It's documented that only Q columns are taken into account:

--skip-negative-sigma    Skip reflections with sigma<0 (in any Q column).

Special handling of sigma=0 would be more tricky, because 0.00 in cif file could mean 0.004.

CV-GPhL commented 2 years ago

Hi Marcin,

On Wed, Apr 20, 2022 at 06:33:24AM -0700, Marcin Wojdyr wrote:

It's documented that only Q columns are taken into account:

--skip-negative-sigma    Skip reflections with sigma<0 (in any Q column).

Correct - maybe provide some additional info/link (since the concept of a column type doesn't really exist at the point of a mmCIF file). I guess "--print-sepc" provides the information about mmCIF item and MTZ column type.

Special handling of sigma=0 would be more tricky, because 0.00 in cif file could mean 0.004.
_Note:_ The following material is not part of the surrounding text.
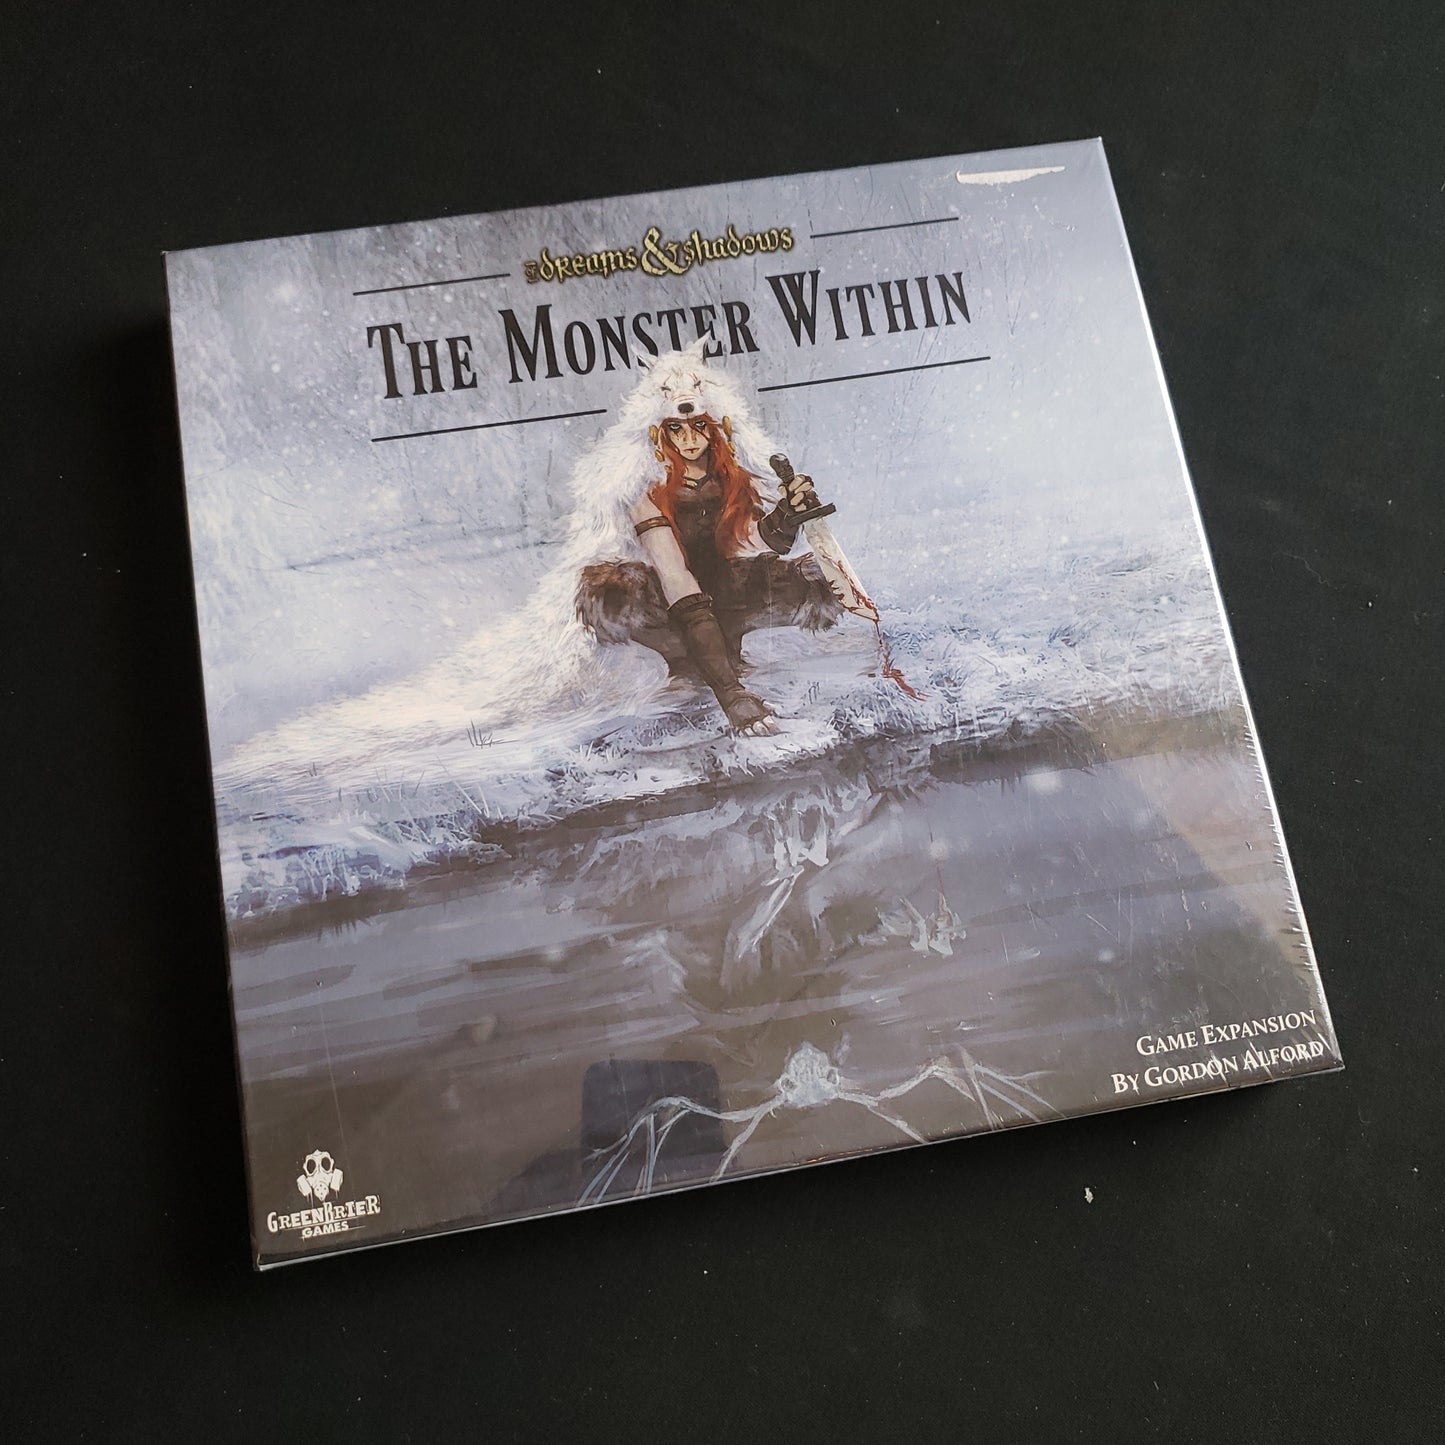 Image shows the front cover of the box of the Monster Within expansion for the board game Of Dreams & Shadows
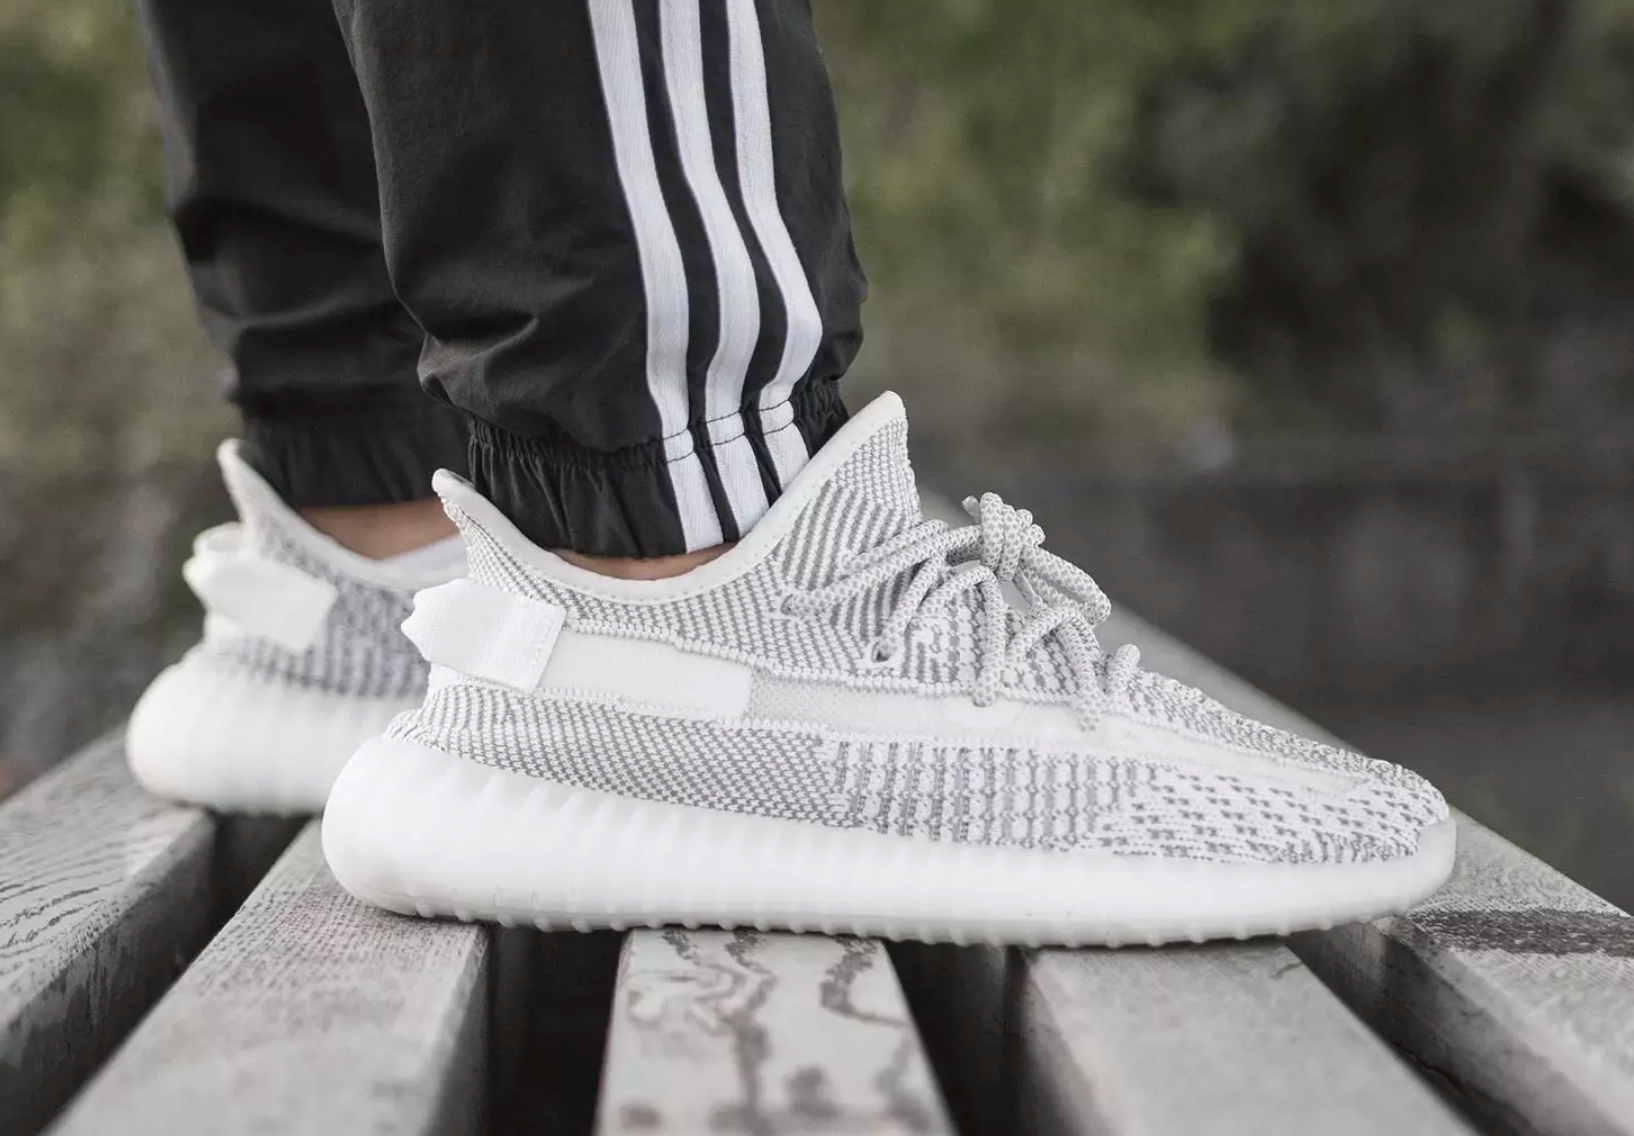 YEEZY-Free adidas 350s Are (Possibly) Coming Soon

Not quite I think: 0.00 in CIF file means exactly that. Yes, it might have come from an initial value of 0.004 or -0.004 (which is why we write CIF files in autoPROC in scientific notation), but at the point of cif2mtz you don't have that information. You can of course stick with such a zero value and rely on all subsequent programs (reading the resulting MTZ) of handling the data accordingly: most "old" programs will have checks not just for MNF but also sigma==0. But that is not guaranteed: newer programs might assume that the MTZ file given to them has never gone through a conversion (into CIF format and back) and that items either have a value or a MNF.

I would be inclined to at least write a warning message about the number of sigmas (Q, M and L) that are 0 if you stick with the current behaviiour - since that could point to a poor formatting (precision) during the CIF file generation and could alert developers or databases to potentially check their procedure. It would be even better if there was an option that would tell cif2mtz to set all data items (i.e. pairs where one is a sigma) to MNF if the sigma item is 0.

Cheers

Clemens

wojdyr commented 2 years ago

OK, I added "MTZ" in the text to make clear that Q is MTZ column type:

--skip-negative-sigma    Skip reflections with sigma<0 (in any MTZ Q column).

And I added option:

--zero-to-mnf            If value and sigma are 0, set both to MNF.

It checks if both sigma and the corresponding value are zero, because replacing non-zero value with MNF feels wrong.